Roberta tragó saliva y asintió. Jess sonrió con triunfo.
Quedamos con la empollona al salir de clase para llevárnosla a casa y quitarle de encima aquella máscara de orco mientras ella nos contaba lo que averiguó sobre Harry.
-Veréis-dijo, un poco más calmada mientras Summer le enseñaba a hacerse la cera-, ¡aaaaaaaau!
-Tiene que doler, Rob.
-Lo siento-susurró.
-Prosigue-le dijo Jess con su vestido color blanco ajustado y de infarto mientras se maquillaba.
-Le hablé en clase de matemáticas y es un hacha con los números, me corrigió en tres ocasiones... ¡a mí!
-Ajam-Summer estaba sudando la gota gorda por dejarla "pasable" al menos.
-Ve a la parte interesante-le dije colocándome mejor el pijama.
No iba a ir a esa fiesta.
Roberta apretó los dientes cuando Summer dio otro tirón.
-Dijo que era muy lista y muy amable, que podría pasarme por su fiesta-dijo con ilusión-.Me invitó sin saber que vosotras lo habíais hecho ya, es un caballero.
-¿Qué más?-Jess ya le había ondulado el pelo y la estaba maquillando ahora.
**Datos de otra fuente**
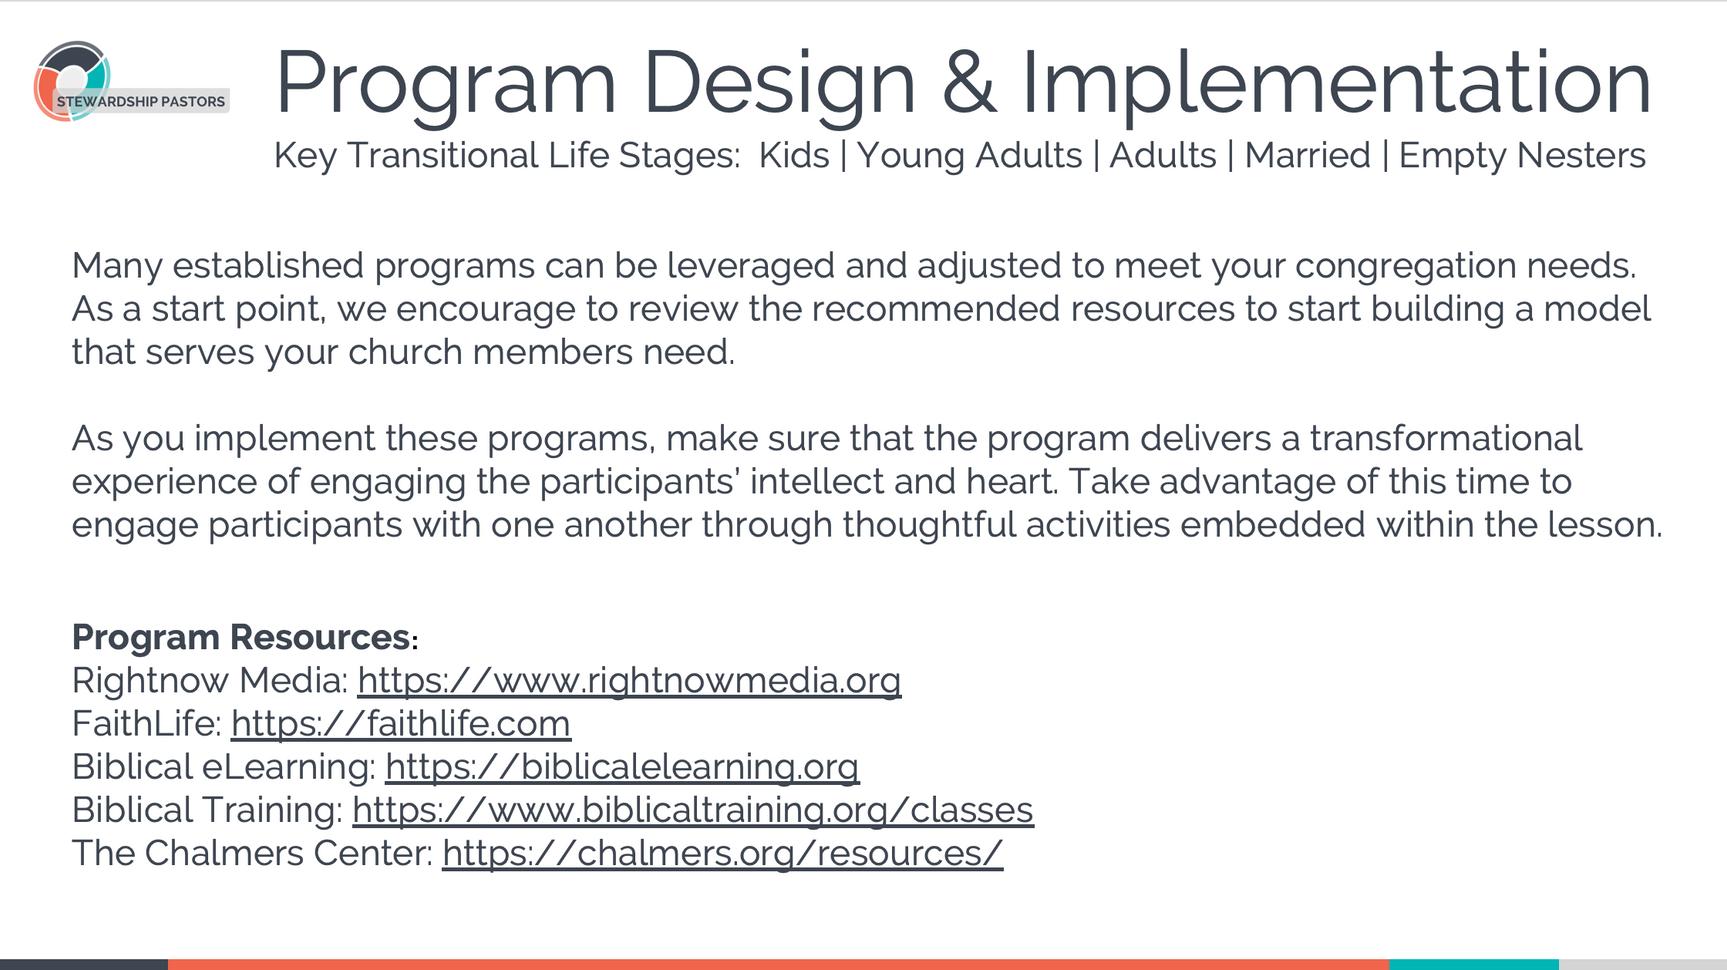 Program Design & Implementation

-Pues...-puso cara de inseguridad.
-¿Qué?-le pregunté.
-Le pregunté que si su hermana era nueva y me dijo solamente que sí. Nada sentimental.
-¿Y?
-Pues que después me dijo que qué hacía hablando con vosotras en el pasillo y le dije que me caíais muy bien, sobre todo Jane.
-¿Dijiste qué?-dije con cara de "estás loca".
-Sí...-se mordió el labio-.Y él me dijo que eras de las pocas chicas con las que no se molestaría en hablar, que me alejase de tí. Es muy amable aconsej...
-Es imbécil. Y se va a enterar-sentencié levantándome de golpe.
-¿Qué haces?-Summer levantó la cabeza de lo que hacía.
-Pienso ir a esa fiesta, y no voy a salir de ella hasta que Harry Van der Croeft suplique mi nombre para que me quede entre gemido y gemido.